Three Big Ideas for Implementing Effective SEL Strategies
Dr. Stephanie Jones emphasizes that when implementing effective social and emotional learning (SEL) strategies, educators, practitioners, and administrators need to think about the what, the why, and the how of the essential skills of SEL. In the International Center for Leadership in Education’s edWebinar edWebinar, Jones, Director of the Ecological Approaches to Social-Emotional Learning (EASEL) Lab, explained that there are six SEL domains studied and documented by researchers. The first three domains are skills and competencies: cognitive, emotional, and social, and the next three are belief ecologies: attitudes, habits of mind, and ways of thinking about the world. One way to think about how these two sets go together is that on the one hand are things that you learn and know how to do, and on the other is a set of internal guideposts that tell you to use those skills when it’s essential and when it matters.
The WHAT… What’s Included
Regardless of setting or age, the goal of SEL is for students to engage in classroom learning activities, and four key components must be in place for this to happen. Students need to focus their thinking by marshaling their attention and using their awareness to gather information from the teacher and the book. To access the content, they need to manage their behavior and not be distracted by what’s happening around them. Students need to build positive relationships, so they must trust that an adult is going to be there for them and is giving them information that they can use. Most importantly, children need to understand and deal with feelings throughout the entire learning process.
Why? Why Now? Why at All?
Three critical pieces of evidence tell us how vital the research and studies about SEL as catalysts of effective social and emotional strategies. Long-term correlation studies provide evidence on how core social and emotional skills measured in early childhood, things like self-control and social competence, are predictive of future life and work outcomes. The second piece of evidence is the trials of programs, interventions, and strategies designed to improve these skills. What those studies have found about programs implemented with fidelity and high quality is that there will be a change in children’s abilities. The third piece of evidence comes out of the world of neuroscience about how stress influences the brain and then cascades into behavior, causing the six domains of SEL to be particularly vulnerable to experiences of stress and adversity.
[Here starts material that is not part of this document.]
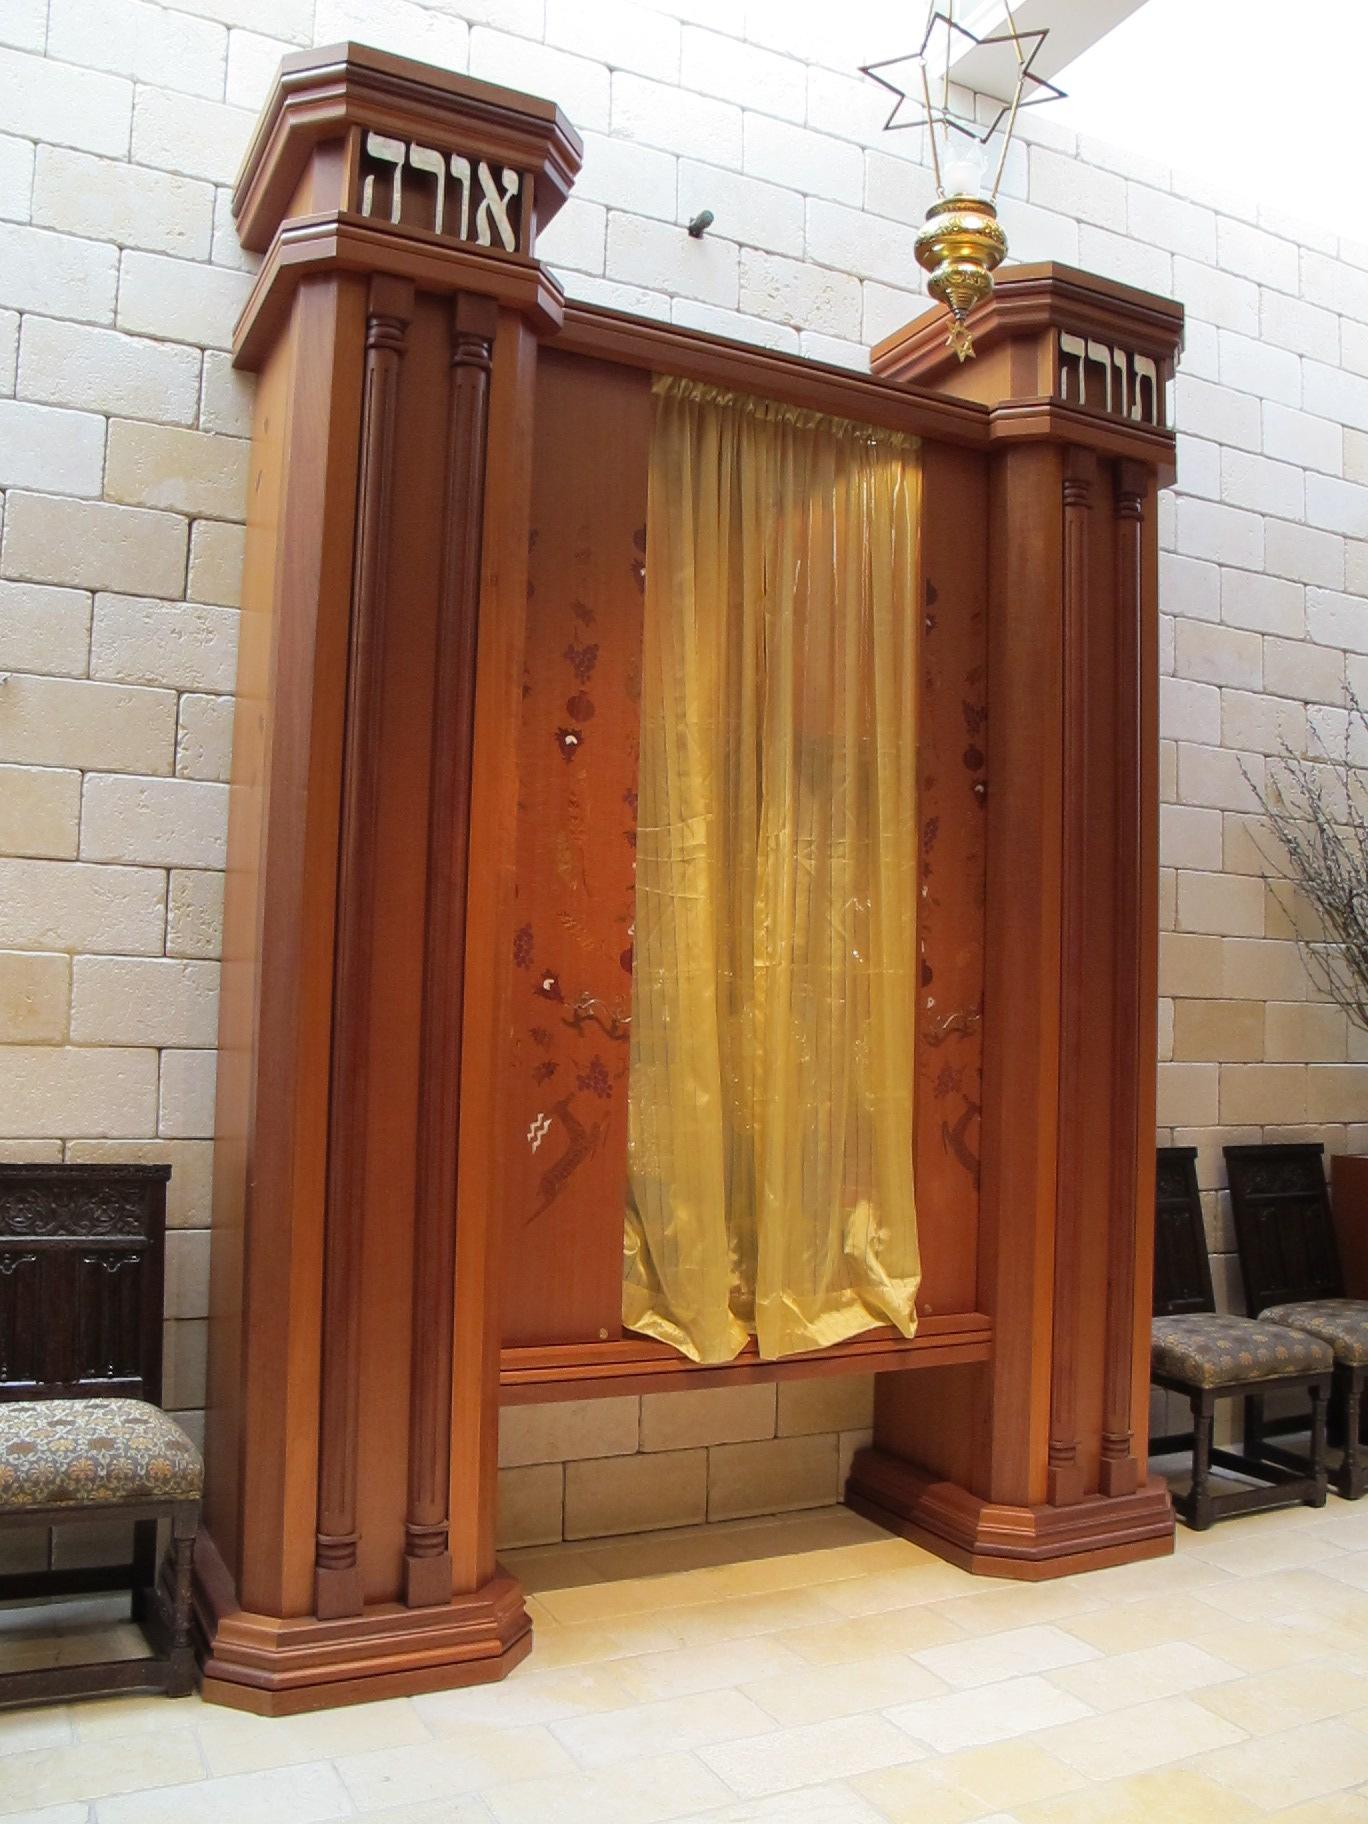 Torah Ark Sliding Doors Opened

How? What’s Effective? What’s Innovative?
For an SEL program to be effective, it must establish safe and caring learning settings characterized by effective behavior management, instruction in social and emotional skills, and give students some ownership of the work itself. The characteristics of effective SEL education are living and modeling the skills that educators and practitioners hope that children will acquire, and teaching skills directly about the words and what the behaviors look like that are associated with them. Students must have opportunities to practice their skills, learn from mistakes, and talk about them in a safe environment. Effective social and emotional strategies bridge safe and caring learning environments and instruction with a foundation of connective, supportive, and reciprocal relationships between children and adults.
This edWeb broadcast was sponsored by the International Center for Leadership in Education.
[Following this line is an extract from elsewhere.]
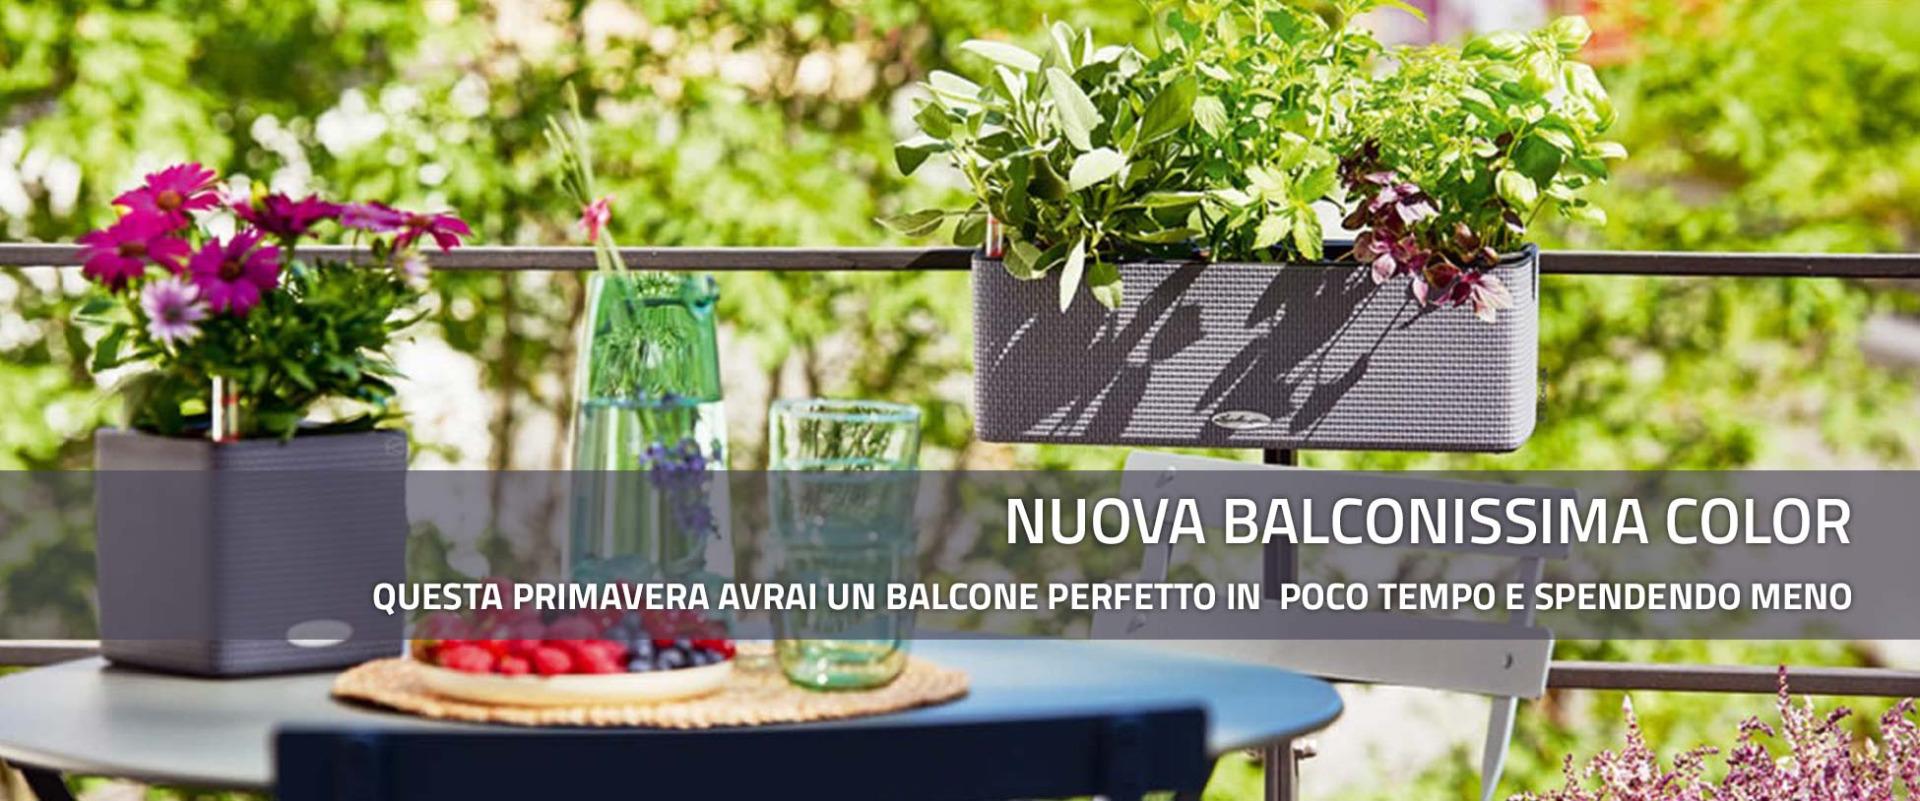 Nuova fioriera Balconissima Color Lechuza

This article was modified and published by eSchool News.
About the Presenter
Dr. Stephanie M. Jones is a professor of child development and education at the Harvard Graduate School of Education. She’s spent the last ten years studying the impact of social-emotional learning interventions on behavioral and academic outcomes of preschool and elementary students. Throughout the process, she has developed and tested programs, pedagogy, and curricula that foster social-emotional competencies among children, adults, and their environments. Stephanie is a firm believer in evaluating educational programs with rigorous scientific research and providing early and middle childhood practitioners and policymakers with accessible content. She’s conducted such research for several programs and early education efforts, including Reading, Writing, Respect, and Resolution, Resolving Conflict Creatively, SECURe, and the Head Start CARES initiative. Before she received her doctorate in developmental psychology from Yale University, she worked as a Research Associate at Columbia University’s National Center for Children in Poverty. In addition to serving as Senior Fellow at ICLE, Stephanie serves on numerous national advisory boards including the National Board of Engaging Schools and the Council of Distinguished Scientists for the National Commission on Social, Emotional, and Academic Development convened by the Aspen Institute. In 2008, she was awarded the Grawemeyer Award in Education for her work on A Vision for Universal Preschool Education; a few years later she received the Joseph E. Zins Early-Career Distinguished Contribution Award for Action Research in Social and Emotional Learning.